I am half way through the year-long Level 1 of the Internal Family Systems (IFS) training. IFS is a psychotherapeutic modality used for helping people and their therapists understand and solve the problems that bring them to therapy. And IFS helps make sense of the seemingly irrational world of eating disorders. I’d had some exposure to and experience using IFS prior to enrolling in the training, but the training is giving me a broader and deeper understanding not only of IFS, but also of how we humans work. I’m finding the process exhilarating!
IFS has little to do with families in the conventional sense. It’s based on family systems theory, which is based on general systems theory. Systems theory is a way of conceptualizing and understanding how living things work via understanding the interdependence of living things, e.g., an ecosystem. Any given group of people unconsciously operates according to the rules that govern all systems. Family systems theory, the basis of my field of study and licensure, provides a means of understanding how and why people develop certain problems. The problem is regarded as a symptom of imbalance within the family system, and an attempt by the system to correct that imbalance, given the circumstances. IFS, in turn, focuses on our internal systems, which operate internally as a family operates externally and as do all larger systems.
The basic concept of IFS is that we all have many different parts of ourselves. These different parts have different perspectives and thus often have different beliefs and goals. Poet Walt Whitman was referring to this innate multiplicity when he said, “Do I contradict myself? Very well, then I contradict myself, I am large, I contain multitudes.”
How often have you found yourself saying, “Part of me knows I should do ‘X’, but another part of me wants to do ‘Y’,” or, “Intellectually, I understand ’Y,’ but emotionally, I feel ‘Z’.” This is our instinctive awareness that we don’t operate as a unified whole. Yes, we contradict ourselves, and this is normal!
There are several different models of therapy that involve working with different parts of self. IFS focuses on the naturally protective function of parts of ourselves, and what those parts are trying to protect us from. There is no such thing as a bad part. When I first learned about IFS, this idea resonated with me because many years ago, long before I knew that I would one day be a therapist, I was seeing a therapist who said, “I believe that people are self-protective, not self-destructive.” I learned from her that even when we do things that are bad for us, our original intent is to protect ourselves from emotional discomfort or pain. And when it comes to disordered eating, protecting one’s self from emotional pain becomes the number- one priority. Undereating, overeating, purging, exercising compulsively—these behaviors are intended to increase pleasant feeling states or decrease unpleasant ones. The longer one relies on these behaviors, the more complicated things become, because more parts get involved.

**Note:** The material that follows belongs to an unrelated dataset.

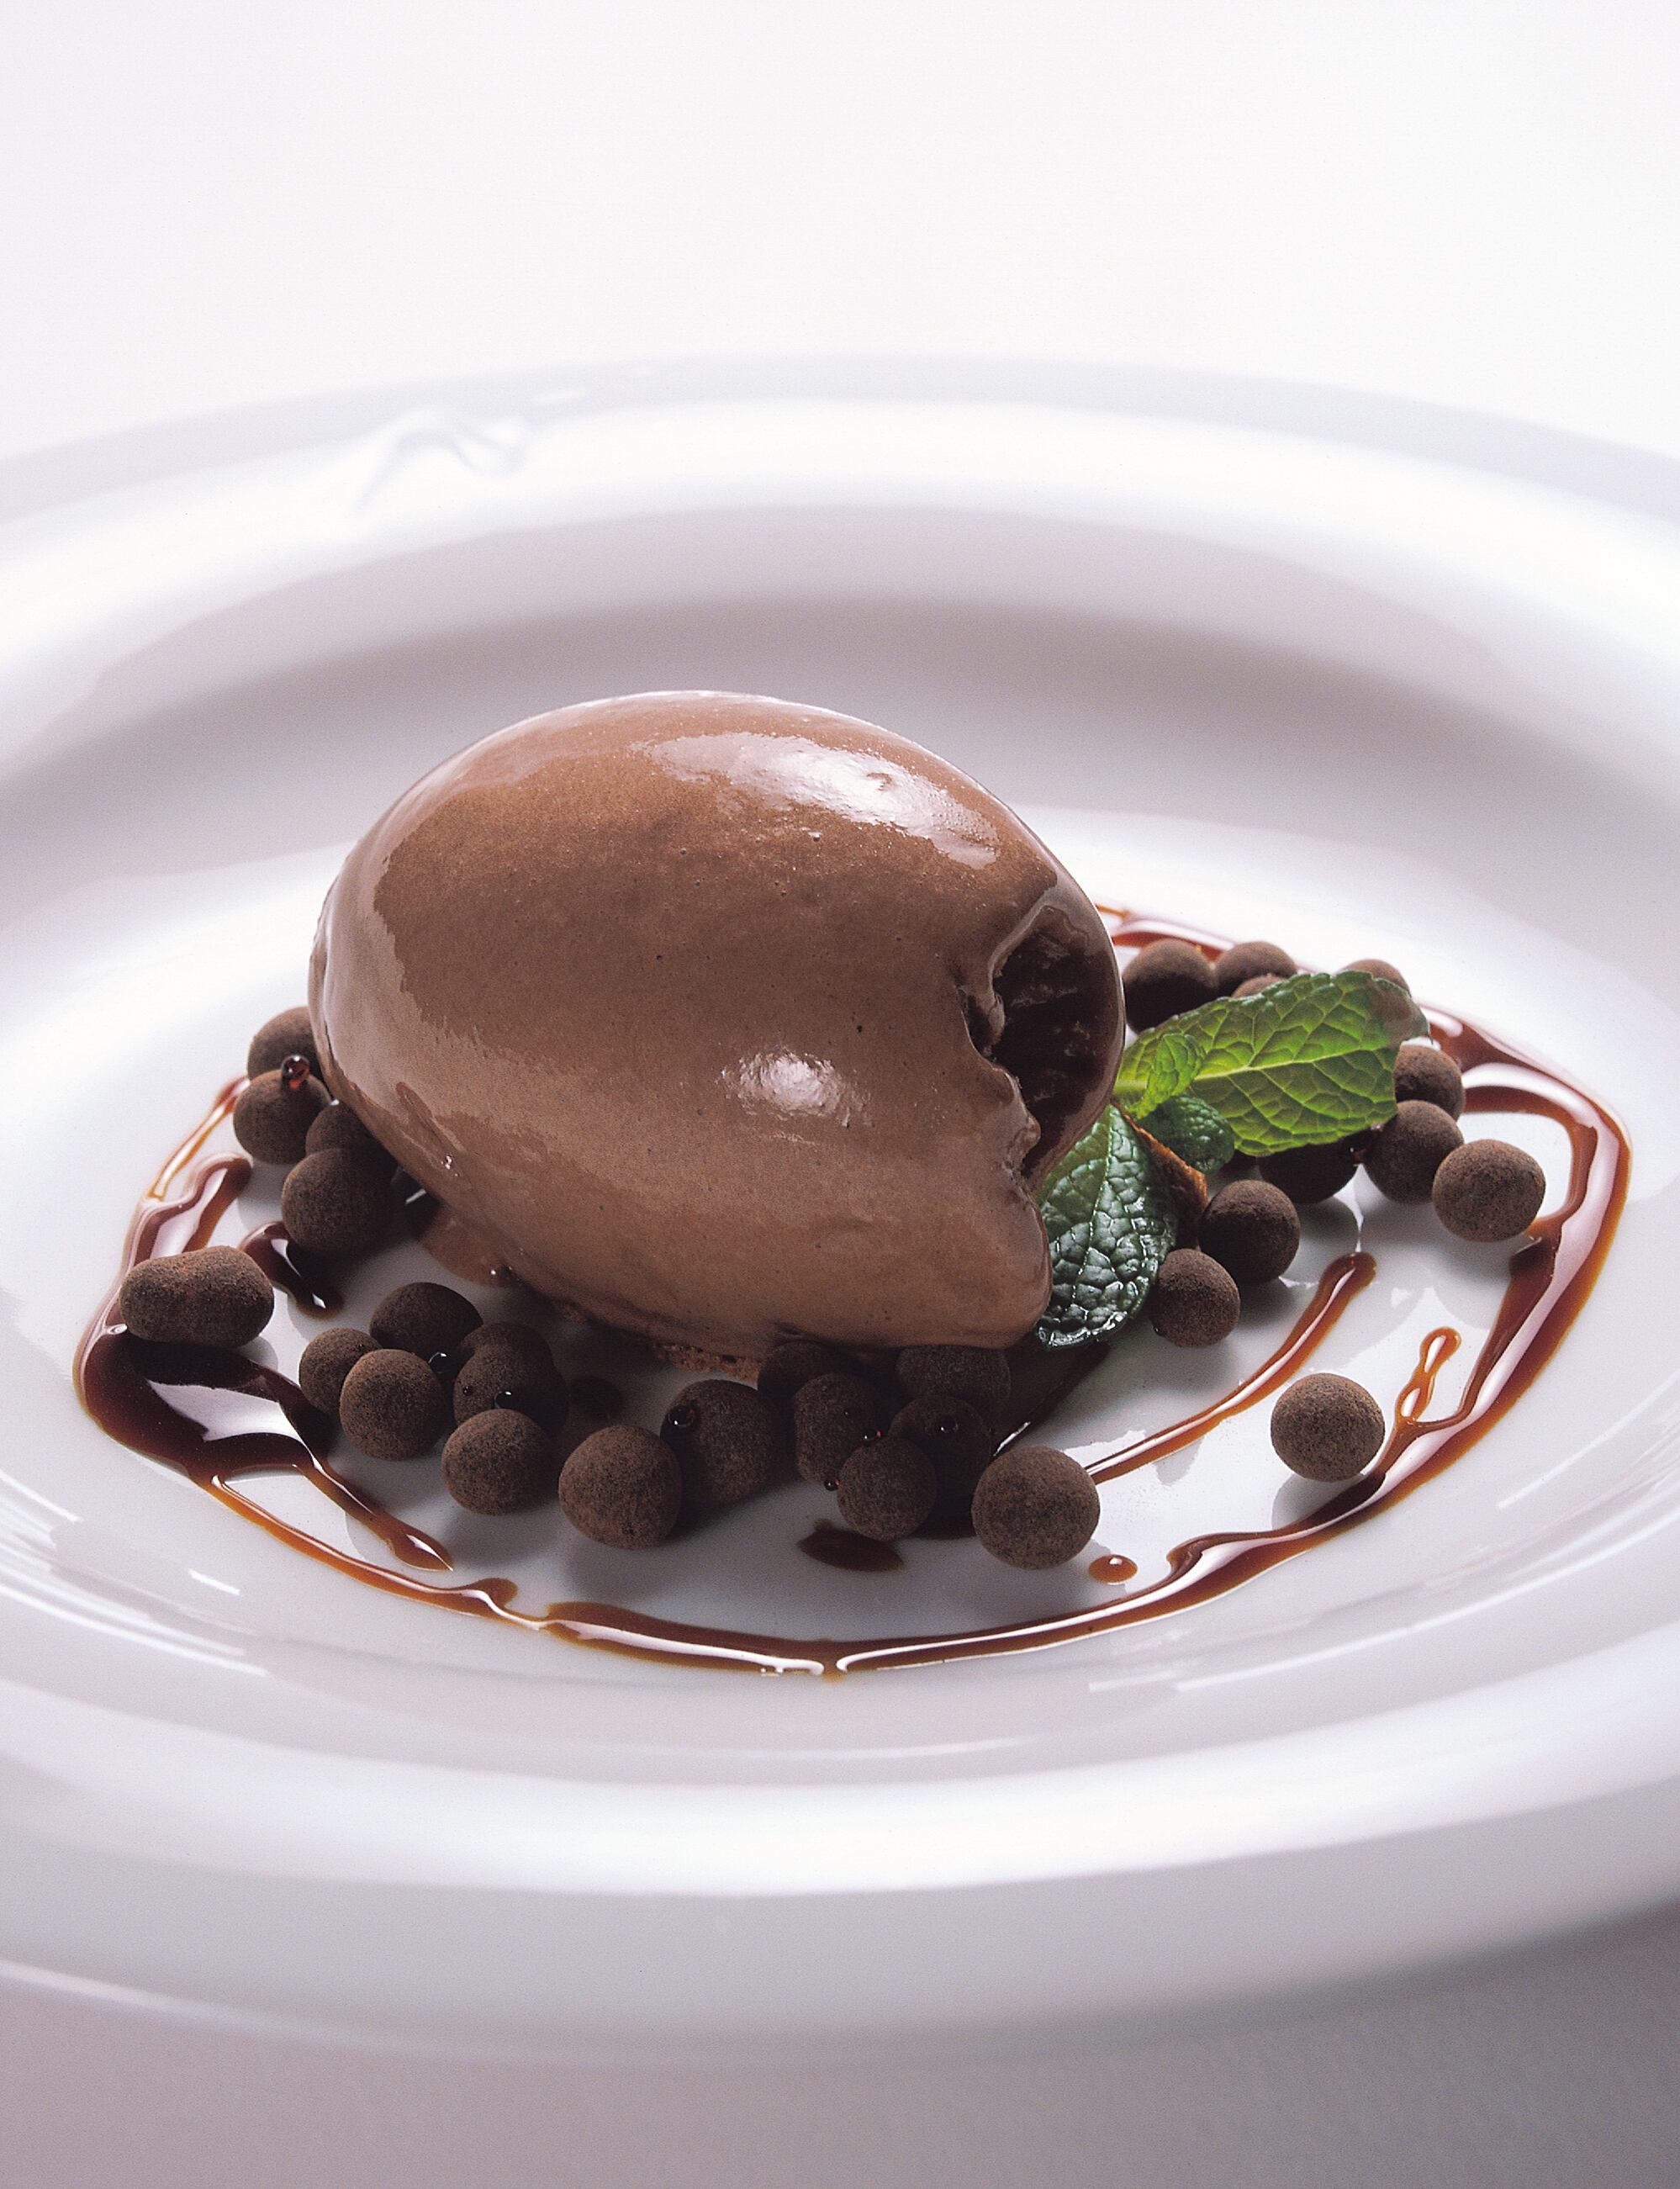 Quenelle de helado de chocolate de Angelo Corvitto incluidas en 'Los secretos del helado' (Grupo Vilbo).

But where does this pain come from? When someone with anorexia feels anxious if she eats a normal amount of food, how did she come to acquire this anxiety? She would say that she is worried that the food is turning into fat, or that she’ll never stop eating. But why would she worry about such things, so much so that she denies herself the necessary food for her well being? Undereating is a behavior of a part that wants to protect her from the anxiety, no matter the cost to her health. What this part doesn’t know is that the anxiety comes from another part, and that the part that holds the anxiety is probably a younger part, a part that has memories of and emotions from experiences of long ago. For example, this part may hold memories and pain from things like hurt and shame due to being rejected by other kids, or of fear of not being loved by a parent because the parent put so much emphasis on her getting straight A’s that she came to believe that this was what made her loveable, to experiences involving verbal, physical or sexual abuse. These parts are referred to in IFS as “exiles,” and it’s the job of protective parts to keep these younger parts, well, exiled.

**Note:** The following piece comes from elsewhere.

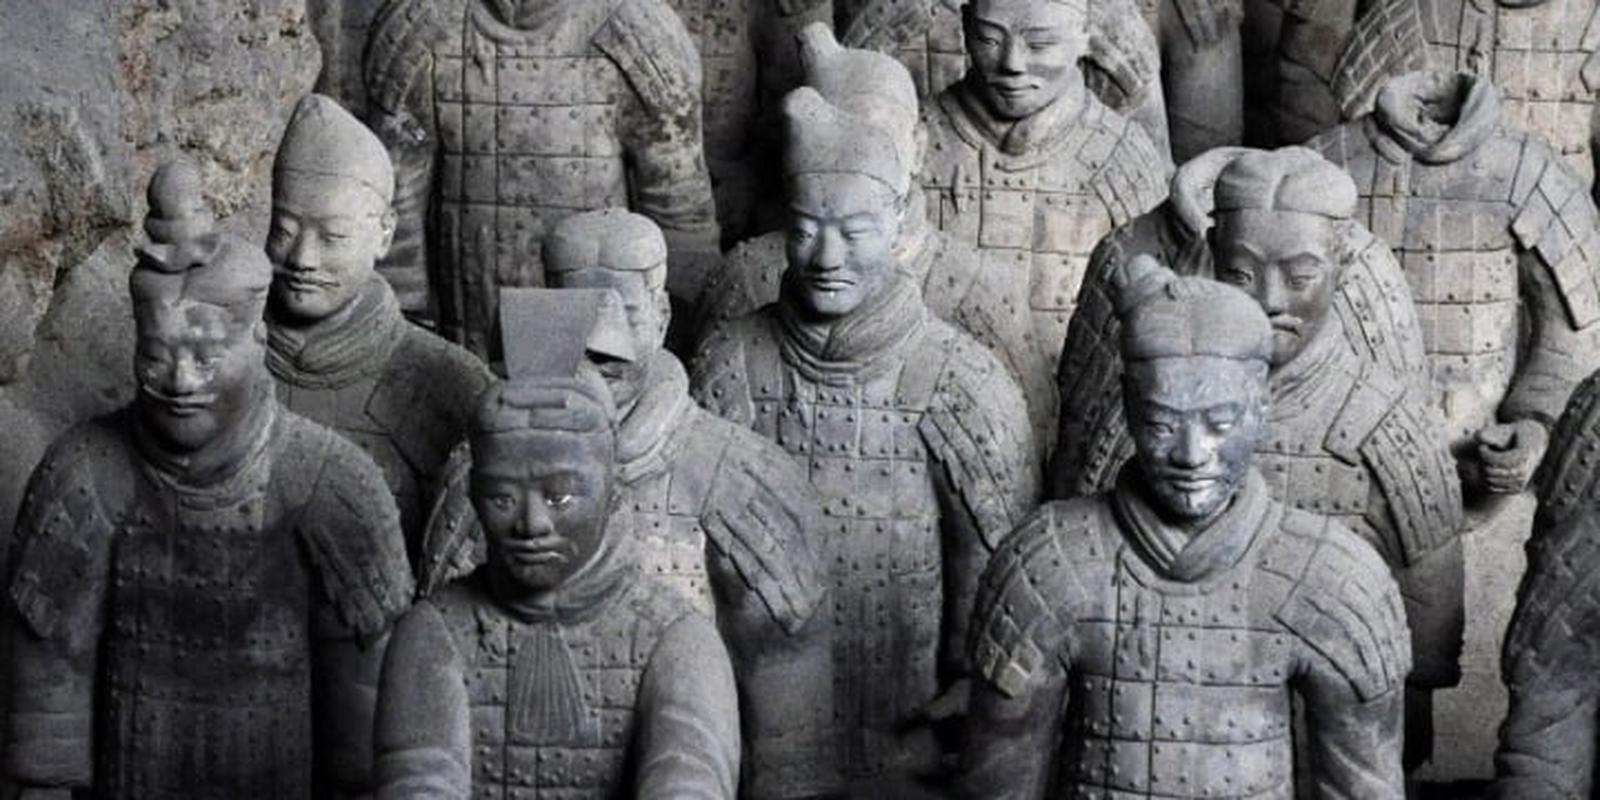             Chiến binh trong lăng mộ Tần Thủy Hoàng bị vỡ, hé lộ bí mật    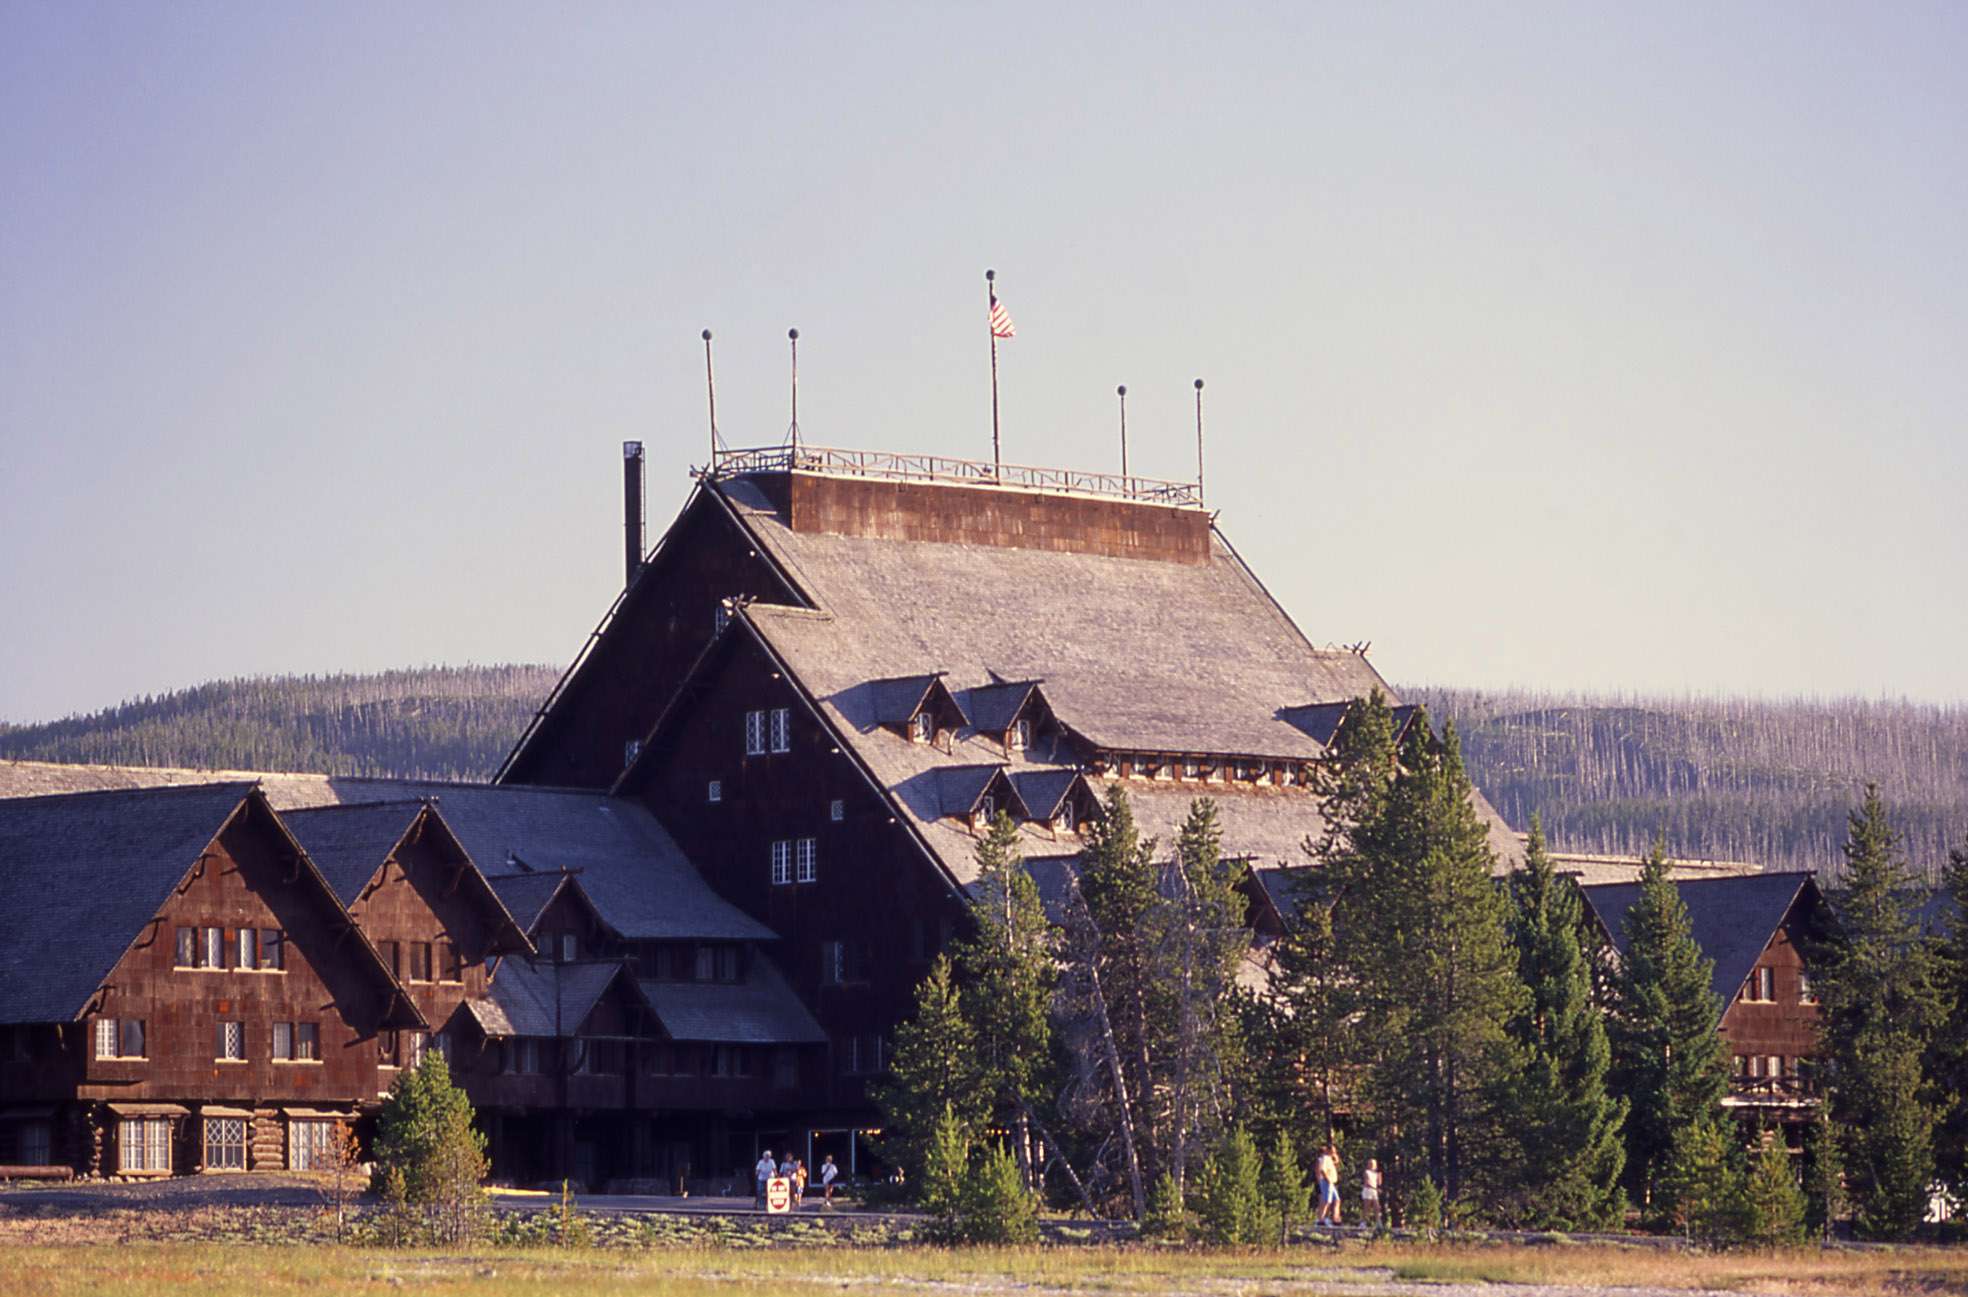 Yellowstone's Old Faithful Inn

This is why simply trying to change eating behaviors won’t work in the long run. As long as the internal system is arranged in such a way that some parts are keeping other parts exiled in order to protect the person from pain, any behavior changes will be superficial and temporary. Some protective parts are really good at making rules and like to be good students and will follow an eating plan and work hard in therapy, but eventually, exiled parts will get triggered and the parts that engage in eating disordered behaviors will come to the rescue.

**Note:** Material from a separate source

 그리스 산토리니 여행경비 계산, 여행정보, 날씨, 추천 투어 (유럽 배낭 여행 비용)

So, how to get out of this predicament? IFS also focuses on our true, core Self, which is not a part, but rather an essence. And distilled to its simplest form, IFS says that healing comes when we connect to parts of ourselves from Self. Self is, by nature, compassionate and curious and non-judgmental. When protective parts are seen and heard by Self, they can lead us to the exiled parts. When exiled parts are seen and heard by Self, they can get unstuck from the past and healed. And a trained therapist can guide the process of connecting someone with eating problems to his or her disordered eater parts from his or her Self, engendering not just behavior change, but true healing. Ultimately, all parts will reside with one another and Self in harmony. Yes, we are multitudes!